Anton Vedder, Leo van der Wees en Bert-Jaap Koops1
De onderzoeksbevoegdheden van politie, justitie en inlichtingen- en
veiligheidsdiensten zijn de afgelopen jaren flink uitgebreid. Deze uitbreiding wordt
vaak in verband gebracht met de terroristische aanvallen van september 2001. De
uitbreiding is echter al ruim voor 11 september 2001 ingezet en heeft ook vaak niet
met terreurbestrijding te maken. Discussies over de consequenties van deze
uitbreiding voor de grondrechten, vooral voor privacy, zijn hoofdzakelijk gevoerd
naar aanleiding van geïsoleerde maatregelen. Slechts een enkele – wetenschappelijke
– roepende in de woestijn heeft aandacht gevraagd voor de optelsom van de
maatregelen en wat die betekent voor de burger. Het is daarom hoog tijd voor een
breder debat over de maatregelen en hun gevolgen voor de privacy van de burger,
zowel de verdachte als de niet-verdachte.

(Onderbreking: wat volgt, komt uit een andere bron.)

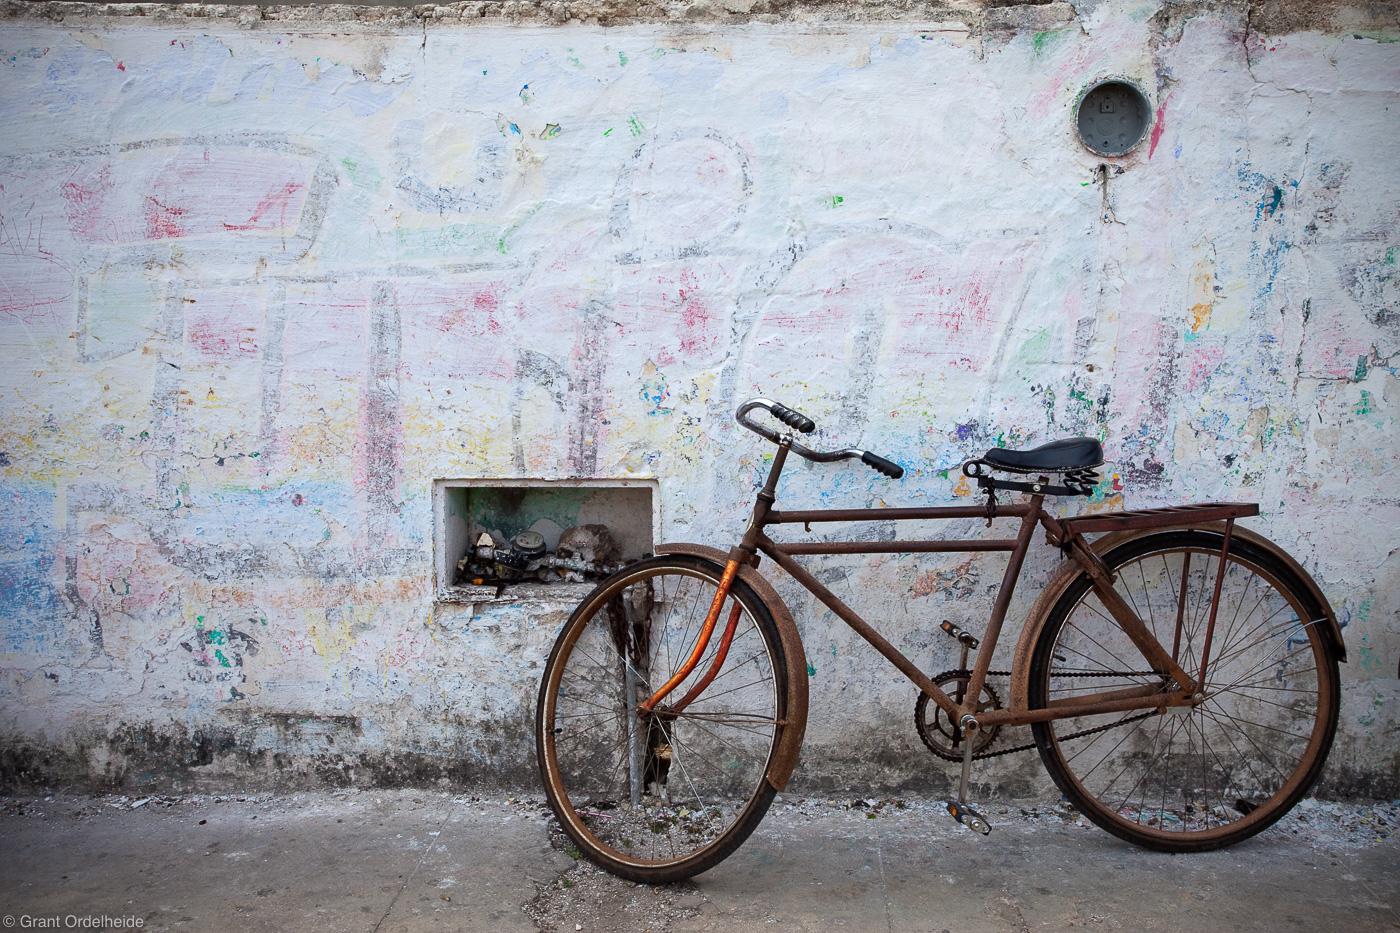 izamal, mexico, yucatan, old, rusty, bicycle, faded, wall, photo

Toen privacy er nog toe deed...
De jaren zestig tot tachtig van de vorige eeuw tonen een rustig beeld bij de
bevoegdheden van politie en justitie. De autoriteiten werken met bekende
bevoegdheden als huiszoeking, observatie en bevel tot uitlevering van voorwerpen.

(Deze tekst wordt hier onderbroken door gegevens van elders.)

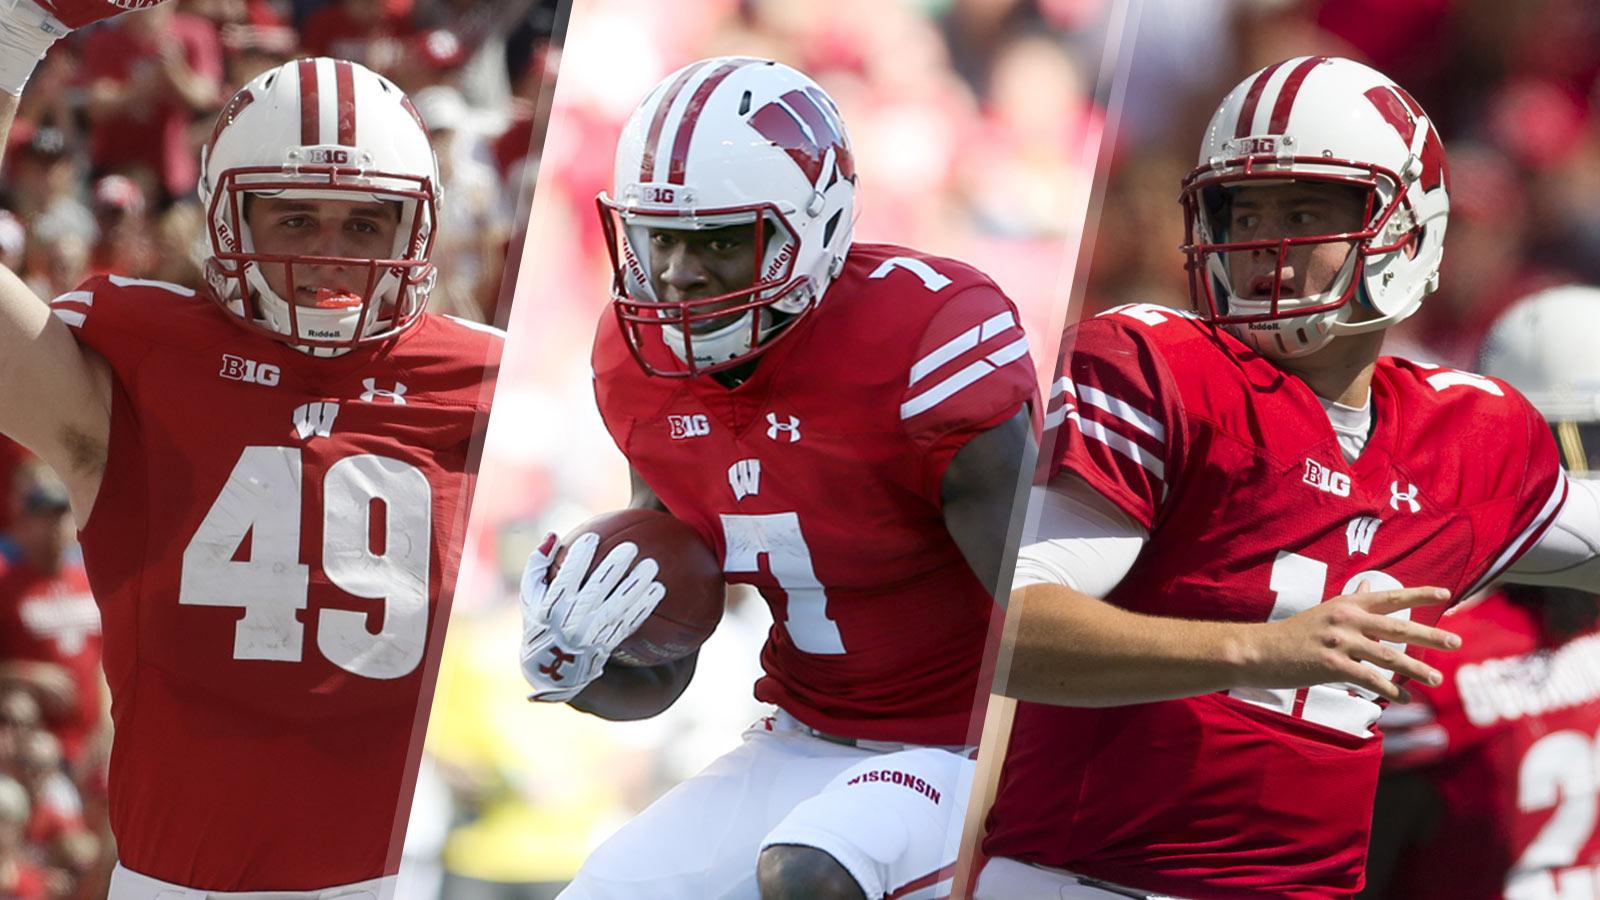 Young Badgers Tracker: Trio of redshirt freshmen make big impact

Andere opsporingsmethoden, zoals afluisteren, telefoontaps en vanaf de jaren tachtig
ook DNA-onderzoek, worden als ingrijpend beschouwd. Van het gebruik van
sommige opsporingsmiddelen (bijvoorbeeld richtmicrofoons) wordt afgezien omdat
men ze te ingrijpend vindt voor de privacy. Het gebruik van andere middelen wordt
aan beperkende voorwaarden onderworpen. Zo moet het gaan om een verdachte,
veelal van ernstige misdrijven, en moeten voor veiligheidsonderzoek vaak meerdere
bewindspersonen toestemming geven voor de toepassing. Dat Nederland op het
gebied van opsporing en terreurbestrijding in deze decennia zoveel sereniteit
uitstraalt, is in het licht van de huidige ontwikkelingen opmerkelijk te noemen. Net als
nu was, met name in de jaren zeventig, terreur een belangrijk thema. Nederland werd
geplaagd door treinkapingen, gijzelingen en bomaanslagen. Daarnaast kozen
buitenlandse terroristen een verblijfplaats in dit land. Deze omstandigheden leidden
echter niet tot bevoegdheidsuitbreidingen. Ook vormden zij geen aanleiding om
privacy in de discussies over opsporing en veiligheid een minder belangrijke rol te
geven.
Kentering
Vanaf 1993 verandert de situatie. In hoog tempo worden nieuwe opsporings- en
verkenningsbevoegdheden ingevoerd. In het kader hiernaast zijn de relevante wetten
en maatregelen vermeld die geheel nieuwe bevoegdheden regelen of bestaande
bevoegdheden uitbreiden; het overzicht is beperkt tot technologie-gerelateerde
bevoegdheden.
Uit het overzicht blijkt dat de aanslagen van 2001 en daarna de moord op Theo van
Gogh en de aanslagen in Indonesië, Spanje en Groot-Brittannië hooguit een extra
impuls hebben gegeven aan een al rond het begin van de jaren negentig in gang
gezette beweging. Ongetwijfeld hebben deze gebeurtenissen ook bijgedragen aan de
snelheid waarmee sommige wetsvoorstellen door het parlement zijn geloodst.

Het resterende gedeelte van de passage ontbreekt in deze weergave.